I don't know that book. I suppose this is a more elegant way for doing the unitary transformation I mentioned.

12. Aug 25, 2010

### ismaili

I read section 33, 34 of Srednicki these days too.
He mentioned about something related to representation theory, which i'm not familiar to too.
I also have a few questions:
(1) start from (34.1),
$$U(\Lambda)^{-1}\psi_a(x)U(\Lambda) = L_a{}^b(\Lambda)\psi_b(\Lambda^{-1}x)$$
, we have (34.6),
$$[\psi_a(x),M^{\mu\nu}] = \mathcal{L}^{\mu\nu}\psi_a(x) + (S_\text{L}^{\mu\nu})_a{}^b \psi_b(x)$$, where $$\mathcal{L}^{\mu\nu} = -i(x^\mu\partial^\nu - x^\nu\partial^\mu)$$,
by evaluating at $$x = 0$$, we arrive at (34.7)
$$\epsilon^{ijk}[\psi_a(x) , J_k] = (S_\text{L}^{ij})_a{}^b \psi_b(0)$$
Then, I don't understand why he could deduce that $$(S_\text{L}^{ij})_a{}^b = \frac{1}{2}\epsilon^{ijk}\sigma_k$$ by just recalling the (2,1) representation of Lorentz group includes angular momentum 1/2 only?
Another question about this is, he started from (34.1), where the operator $$U(\Lambda)$$ should be the representation of Lorentz group in some Hilbert space, but we haven't quantize the theory, how can we get the Hilber space representation?

(2) He did explain the invariant symbol a little bit.
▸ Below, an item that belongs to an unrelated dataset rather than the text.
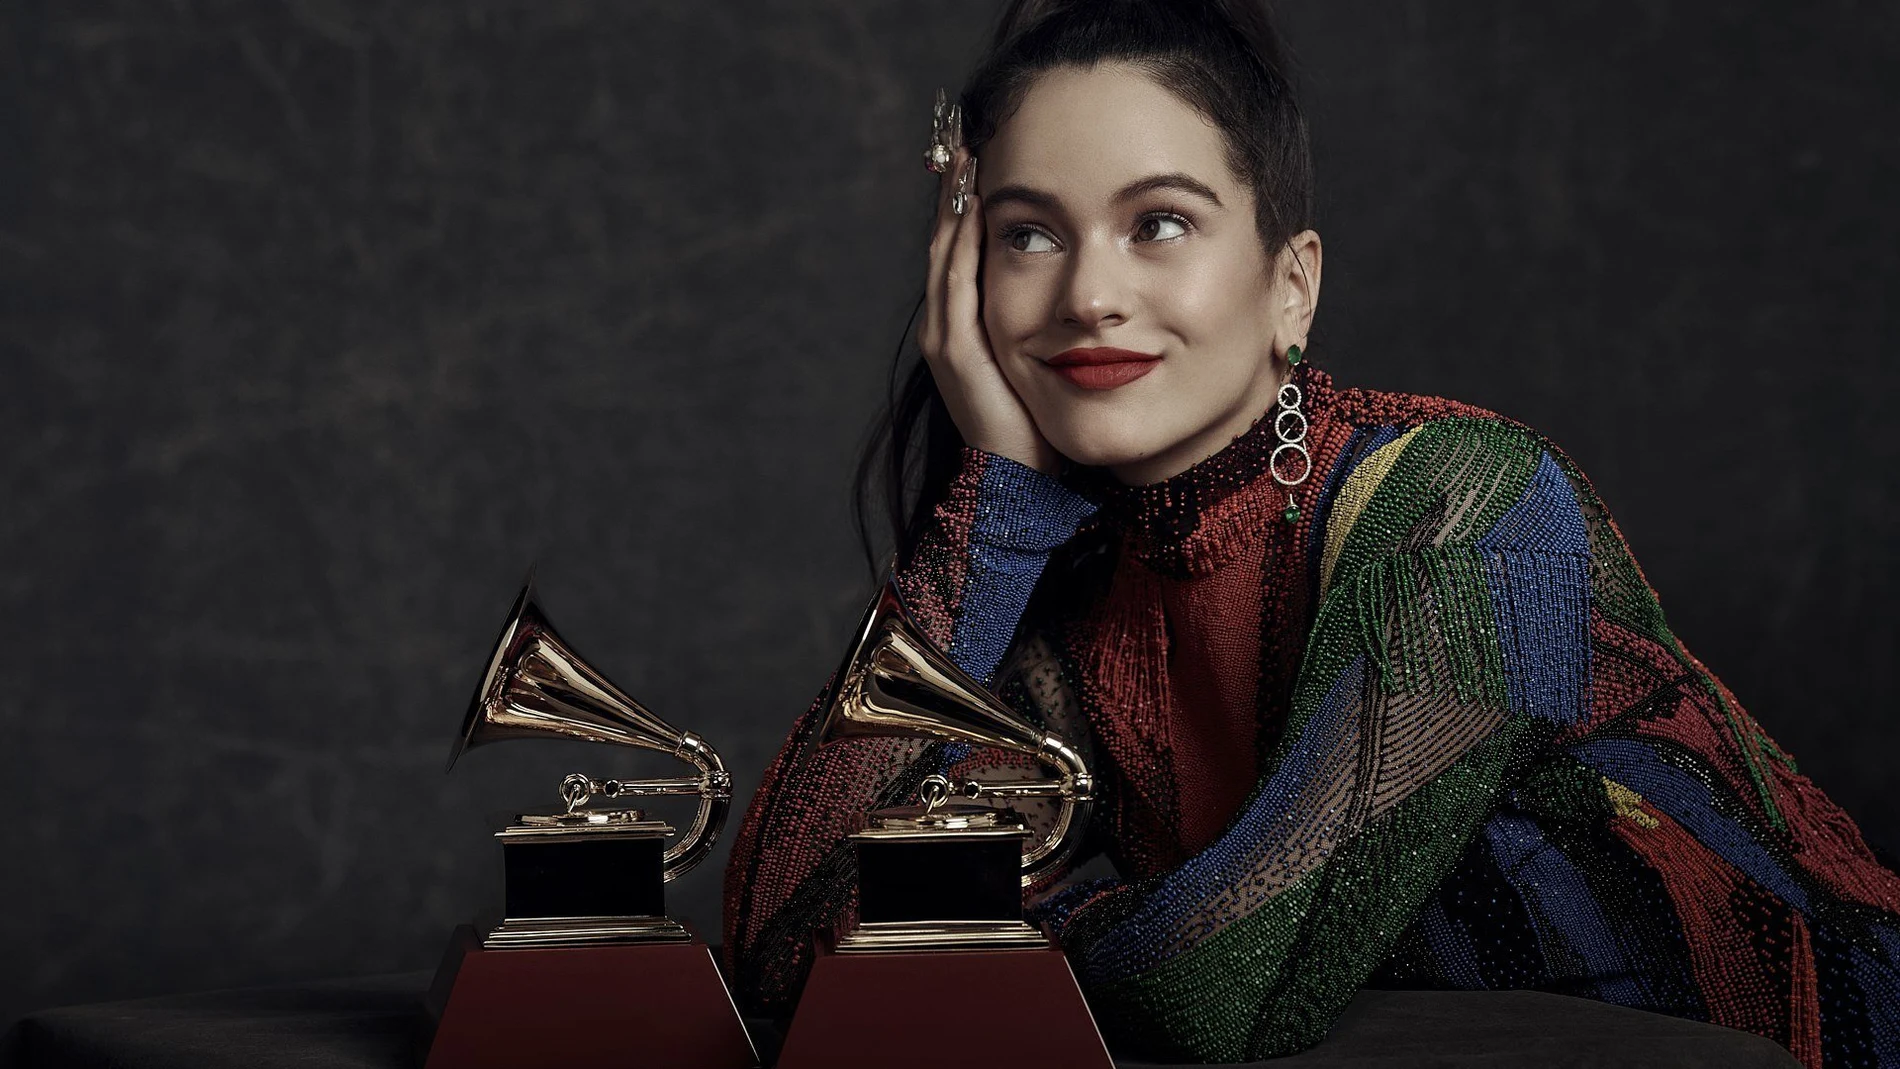 La española Rosalía, ganadora de los Latin Grammy a mejor fusión/interpretación urbana y mejor canción alternativa / EFE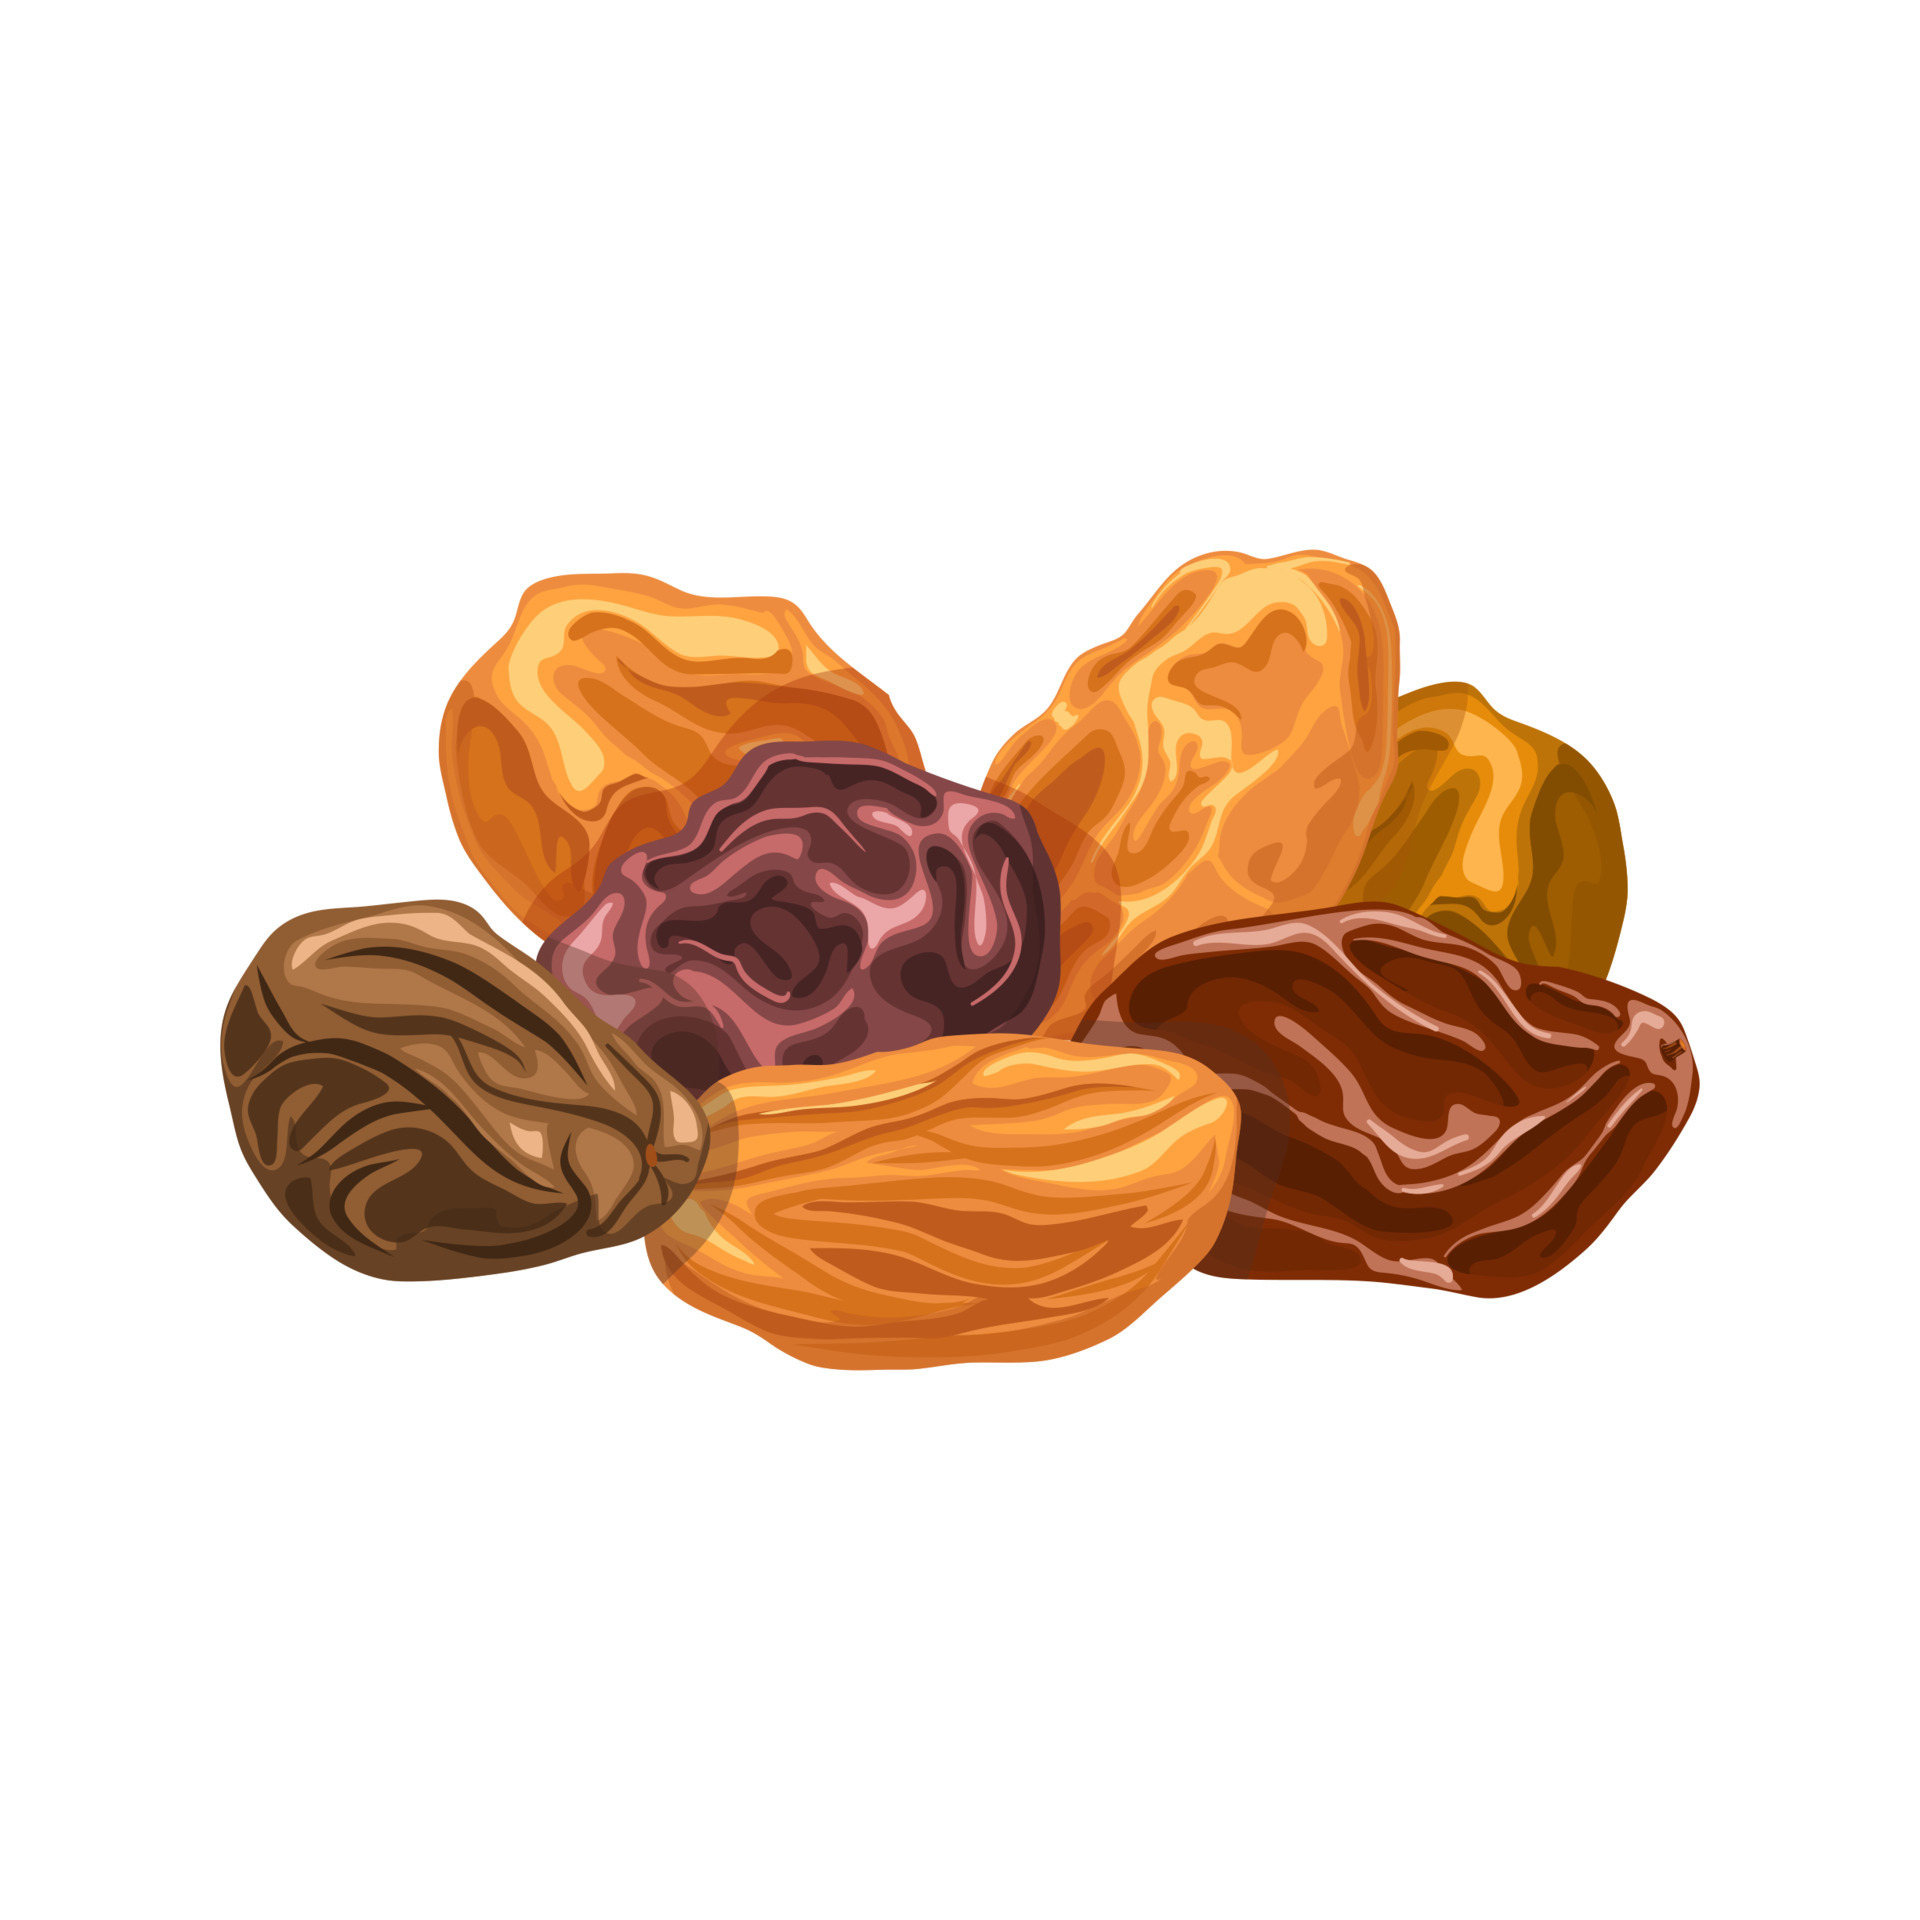 raisins dried fruit cartoon vector illustration 17587702 Vector Art at ...

I read from somewhere else that sometimes the metric which can pull up or lower down the index is an antisymmetric symbol, i.e. Levi Civita symbol. Srednicki gave some explanation here. He said, "whenever the product of a set of representations includes the singlet, there is a corresponding invariant symbol." He gave two examples, however, he didn't explain how he got those. Could anybody shed some light on this? Why he could know
$$(2,2)\otimes(2,2) = (1,1)_s \oplus (1,3)_A \oplus (3,1)_A \oplus (3,3)_S$$
implies the existence of $$g_{\mu\nu} = g_{\nu\mu}$$.
And, how do we determine the subscripts of summand of direct sums? (The symmetric or antisymmetric)

(3) He showed how to map a 4D spacetime Lorentz representation to a (2,2) representation by the formula given by the OP: $$A_{a\dot{a}}(x) = \sigma^{\mu}_{a\dot{a}}A_\mu(x)$$ He also gave another example, which is the mapping from (3,1) representation to the antisymmetric rank two, self-dual tensor:
$$G^{\mu\nu}(x) \equiv (S_\text{L}^{\mu\nu})^{ab}G_{ab}(x)$$
How did he find the mapping operator $$\sigma^\mu_{a\dot{a}}$$ and $$(S_\text{L}^{\mu\nu})^{ab}$$ ?

Thanks very much!